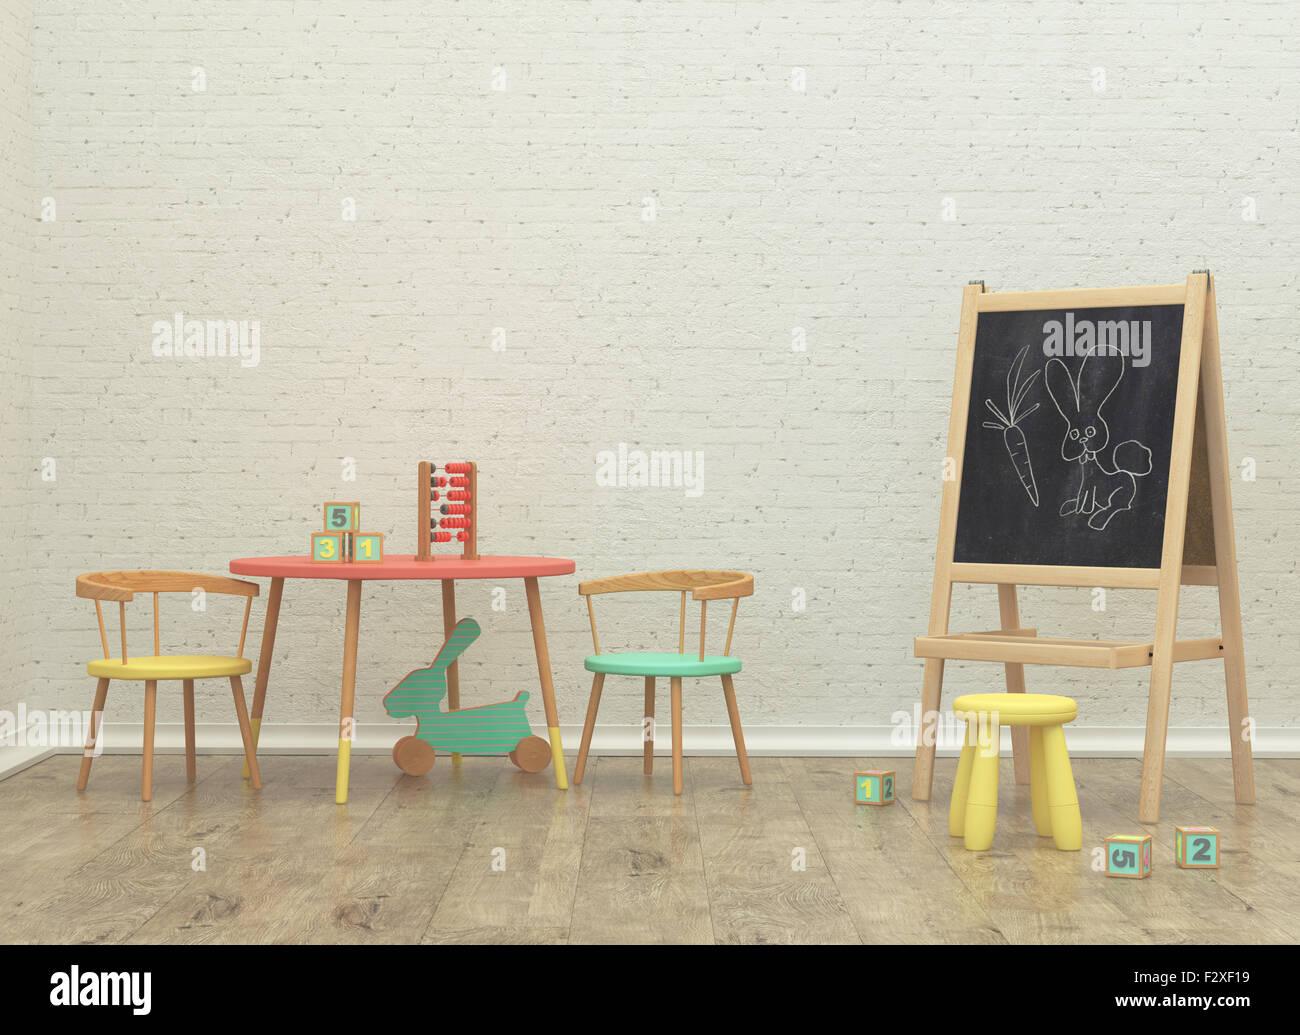 Bambini Sala giochi Interni rendering 3d'immagine con bordo e giocattoli Immagini Stock
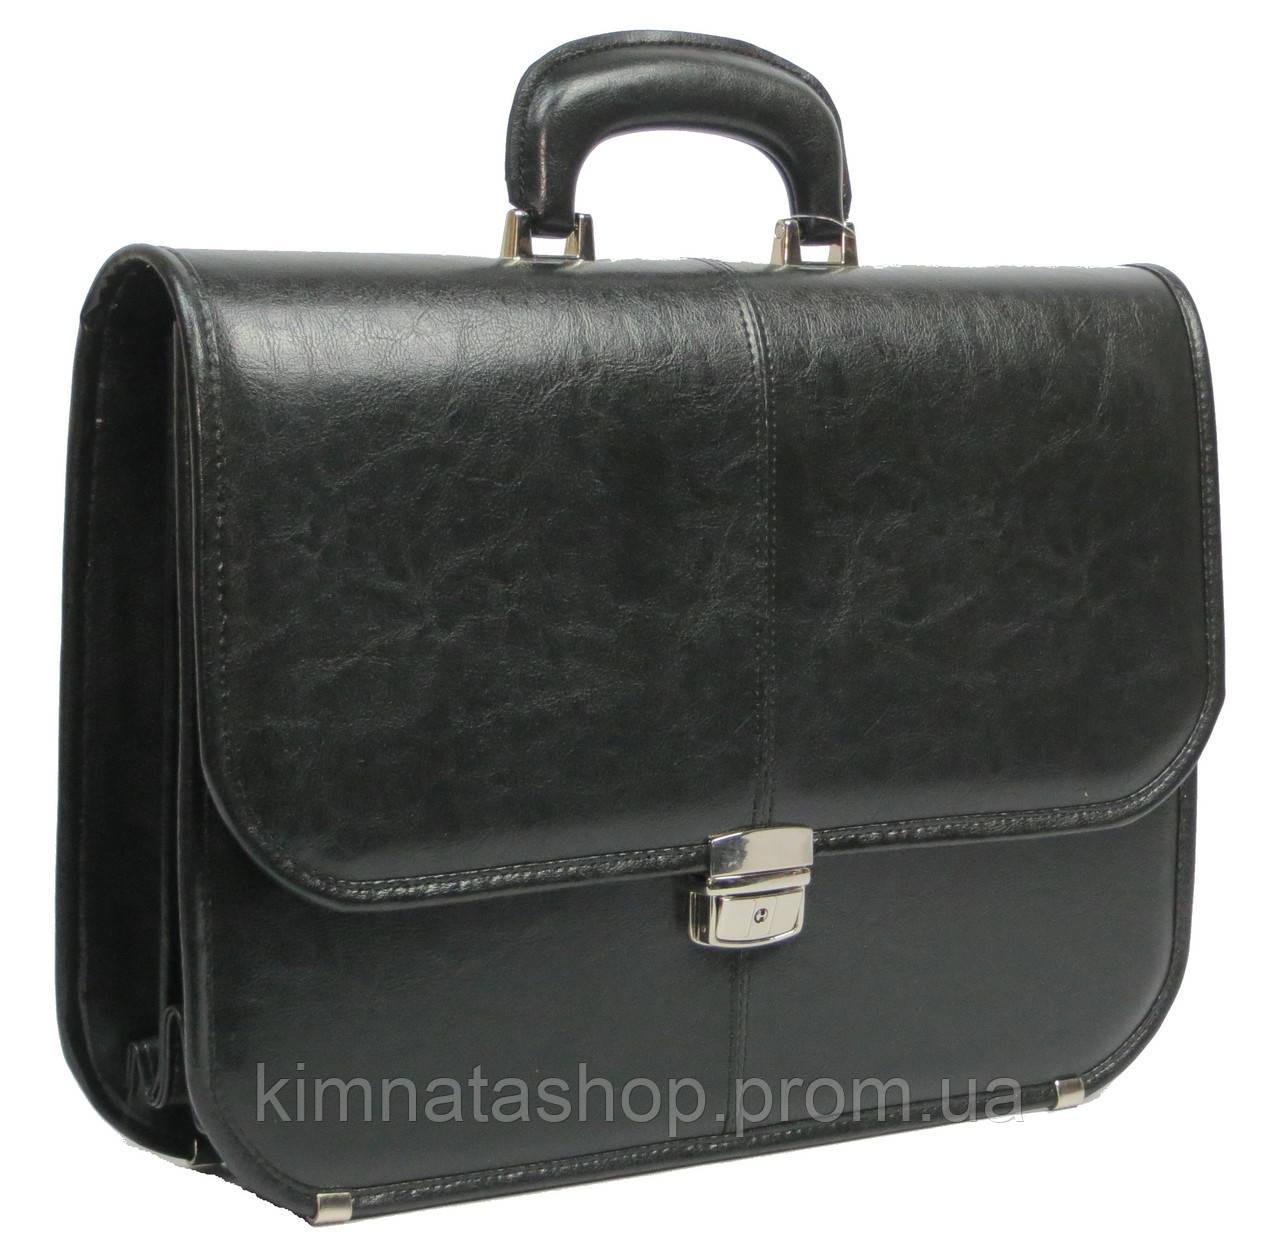 Чоловічий портфель з еко шкіри JPB Польща TE-40-66458 чорний
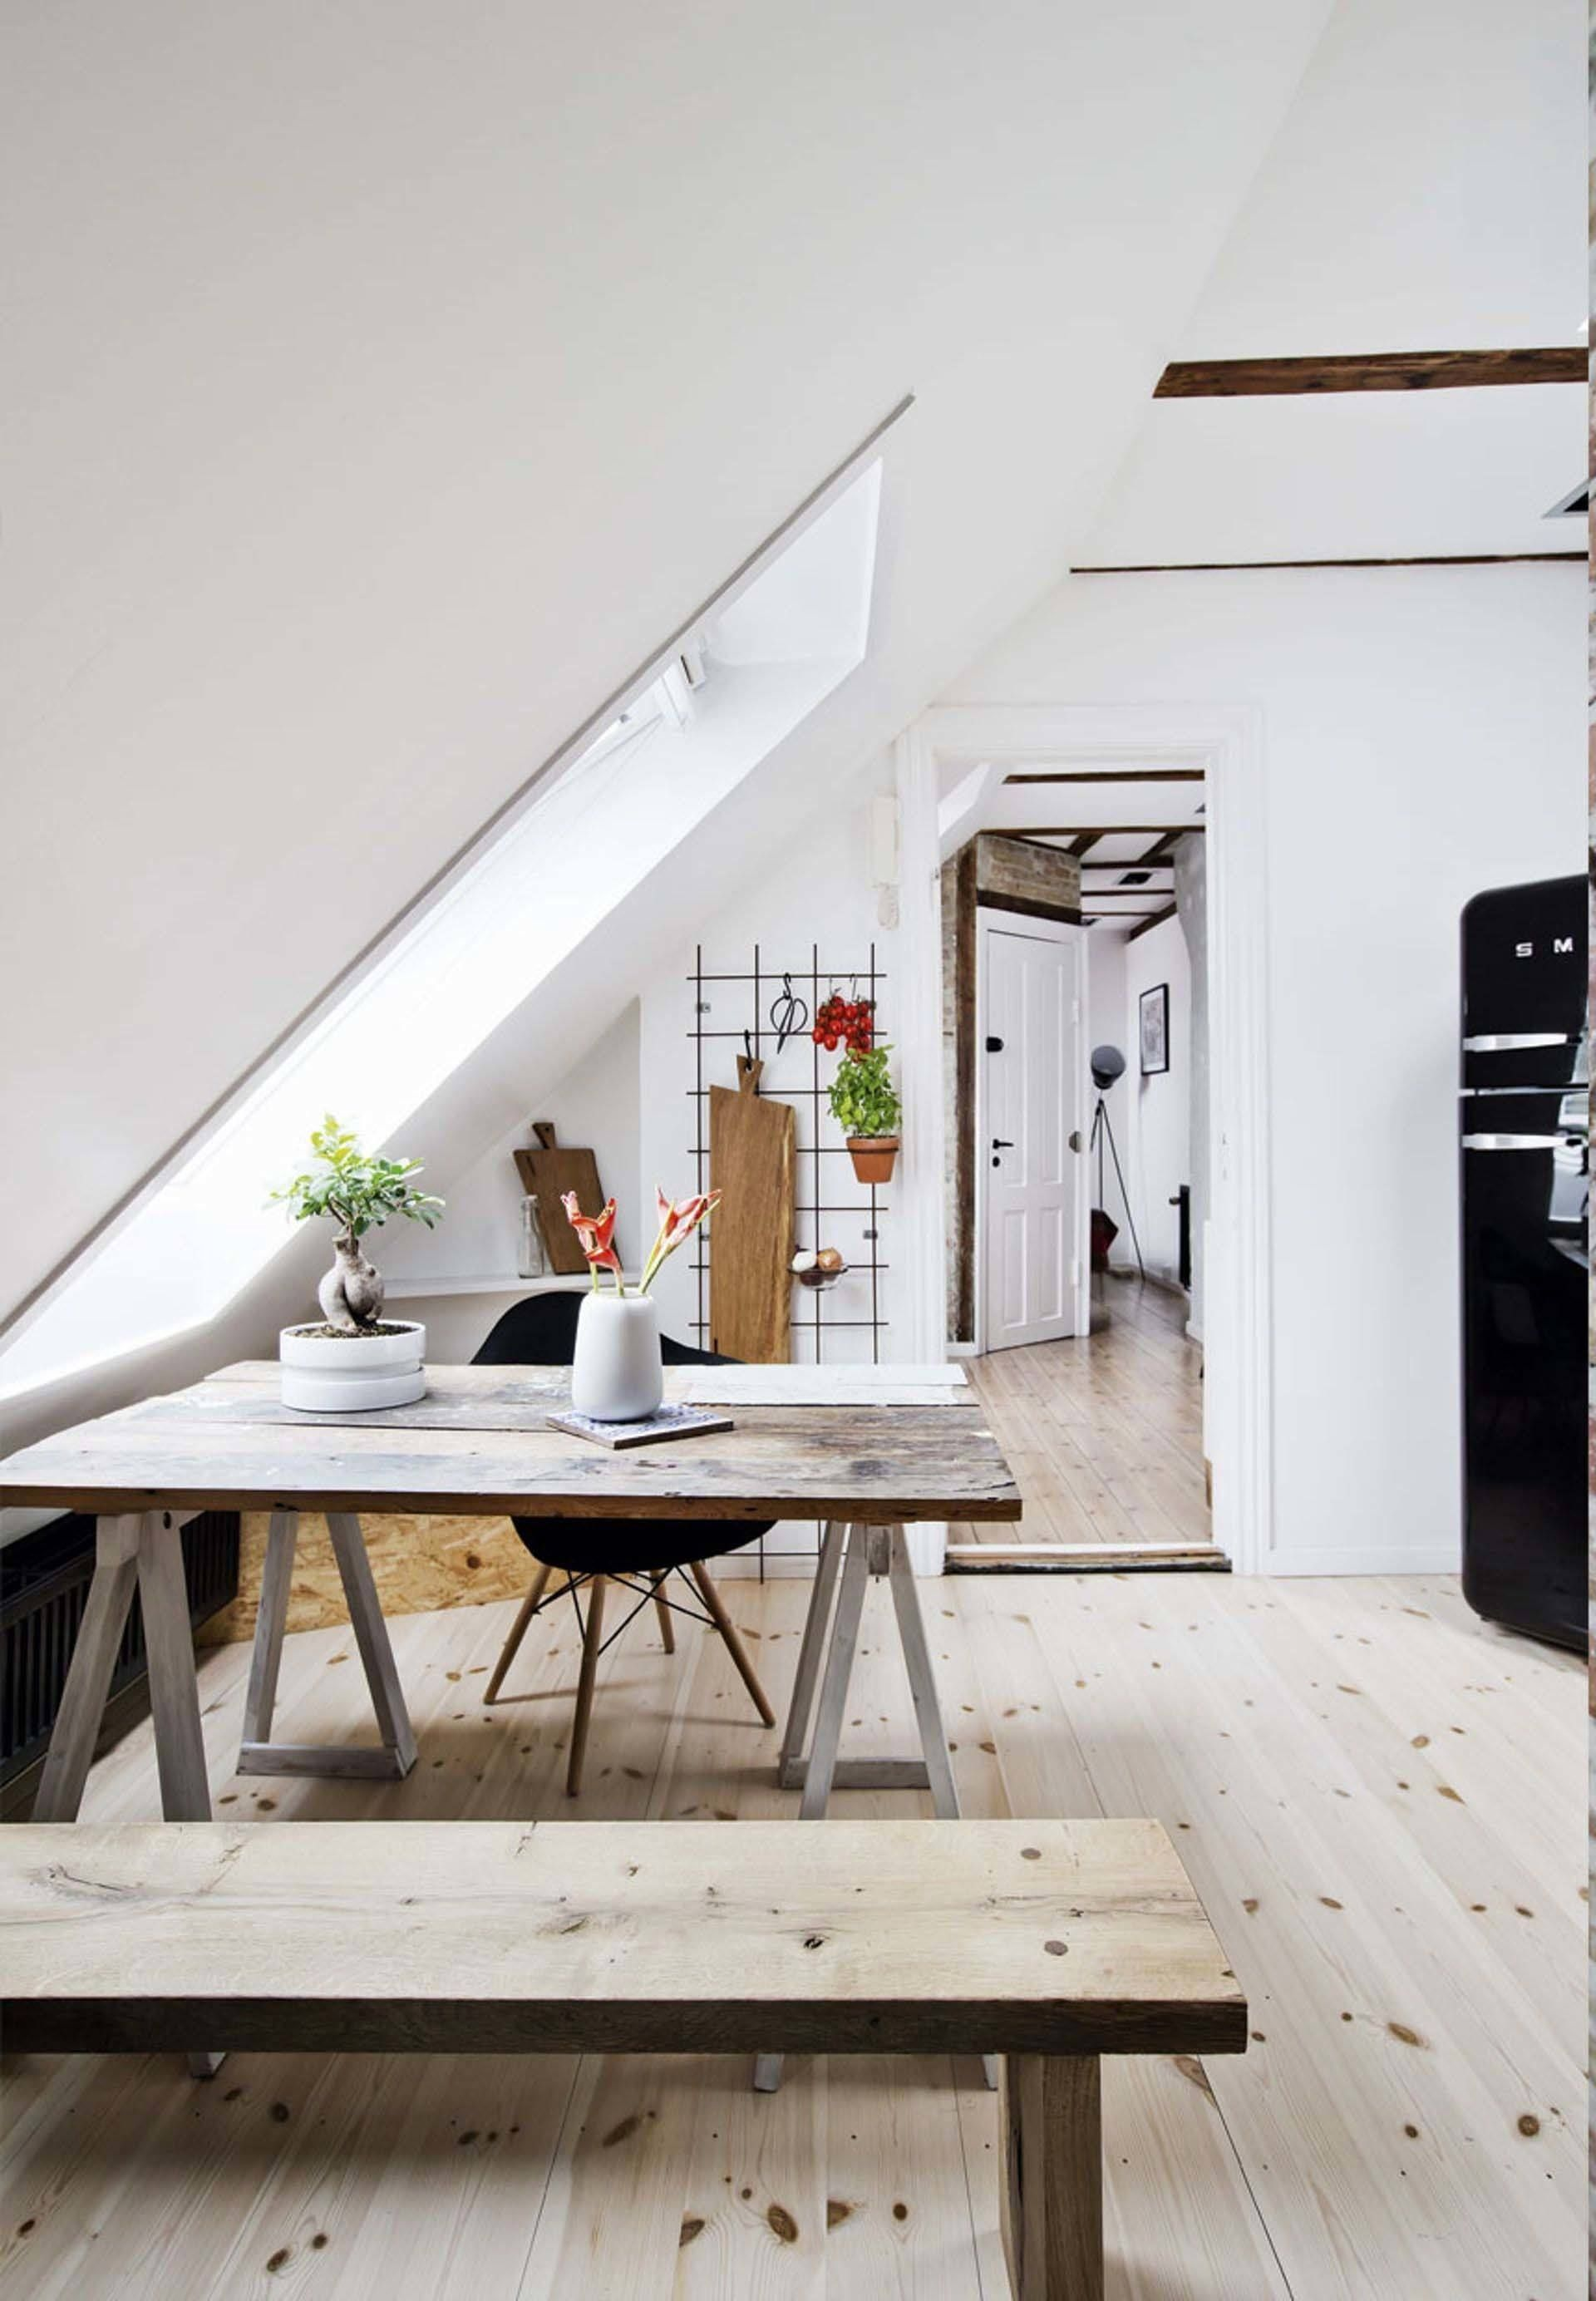 Wohnzimmerwand-nischenentwürfe maskuline stil pad mit einer dachstange in kopenhagen  wohnungen

**EXERCISE INSTRUCTIONS**: Write out each line again, exactly as it appears above, except for any picture.

**SOLUTION TO THE EXERCISE**:
 Bambini Sala giochi Interni rendering 3d'immagine con bordo e giocattoli Immagini Stock
 Чоловічий портфель з еко шкіри JPB Польща TE-40-66458 чорний
 Wohnzimmerwand-nischenentwürfe maskuline stil pad mit einer dachstange in kopenhagen  wohnungen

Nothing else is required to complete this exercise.